KGPA: Robustness Evaluation for Large Language Models via Cross-Domain Knowledge Graphs
Aihua Pei, Zehua Yang, Shunan Zhu, Ruoxi Cheng, Ju Jia, Lina Wang
TL;DR
KGPA introduces a knowledge-graph-based framework to evaluate the adversarial robustness of large language models across domain-diverse knowledge graphs, eliminating reliance on manually annotated benchmarks. It comprises modules that convert KG triplets to original prompts (T2P), generate adversarial prompts (KGB-FSA and APGP), and refine prompt quality with a Prompt Refinement Engine (PRE) using LLMScore, guided by a tau_llm threshold. Robustness is quantified via NRA, RRA, and ASR across general and specialized knowledge graphs and models such as GPT-3.5-turbo, GPT-4-turbo, and GPT-4o, revealing that robustness ranks as GPT-4-turbo > GPT-4o > GPT-3.5-turbo and that domain knowledge influences performance.

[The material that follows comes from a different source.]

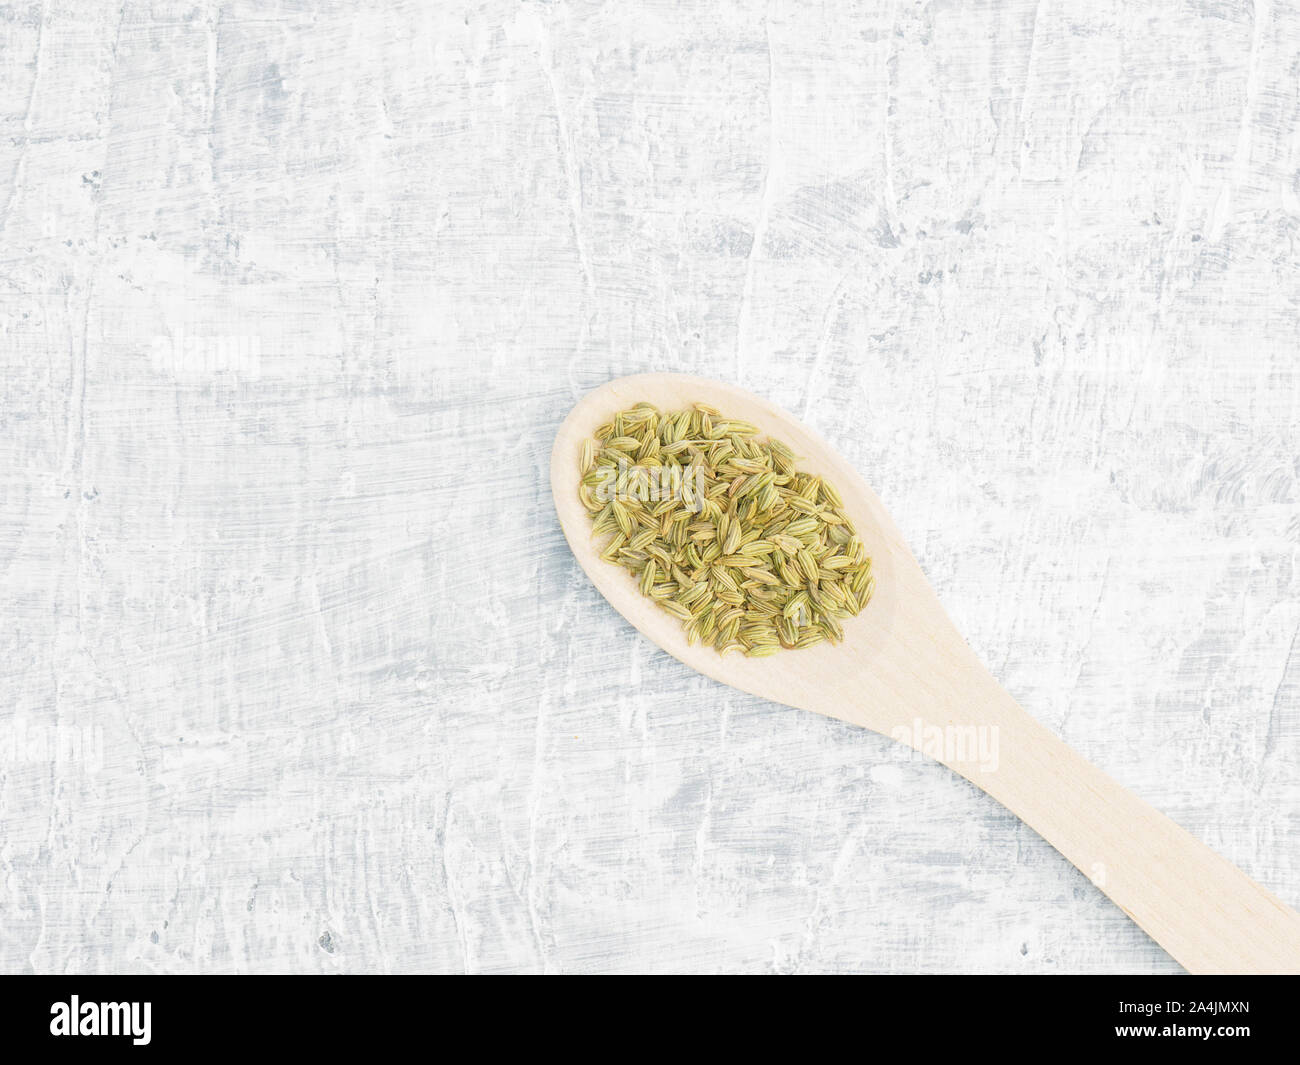 Spices and herbs help maintain good health and improve appetite, top view on white concrete background. Fennel in wooden spoon. Modern apothecary, nat Stock Photo

The approach demonstrates lower resource costs relative to benchmark-heavy frameworks while delivering actionable insights into cross-domain robustness and the effectiveness of different prompt-generation strategies.
Abstract
Existing frameworks for assessing robustness of large language models (LLMs) overly depend on specific benchmarks, increasing costs and failing to evaluate performance of LLMs in professional domains due to dataset limitations. This paper proposes a framework that systematically evaluates the robustness of LLMs under adversarial attack scenarios by leveraging knowledge graphs (KGs). Our framework generates original prompts from the triplets of knowledge graphs and creates adversarial prompts by poisoning, assessing the robustness of LLMs through the results of these adversarial attacks. We systematically evaluate the effectiveness of this framework and its modules. Experiments show that adversarial robustness of the ChatGPT family ranks as GPT-4-turbo > GPT-4o > GPT-3.5-turbo, and the robustness of large language models is influenced by the professional domains in which they operate.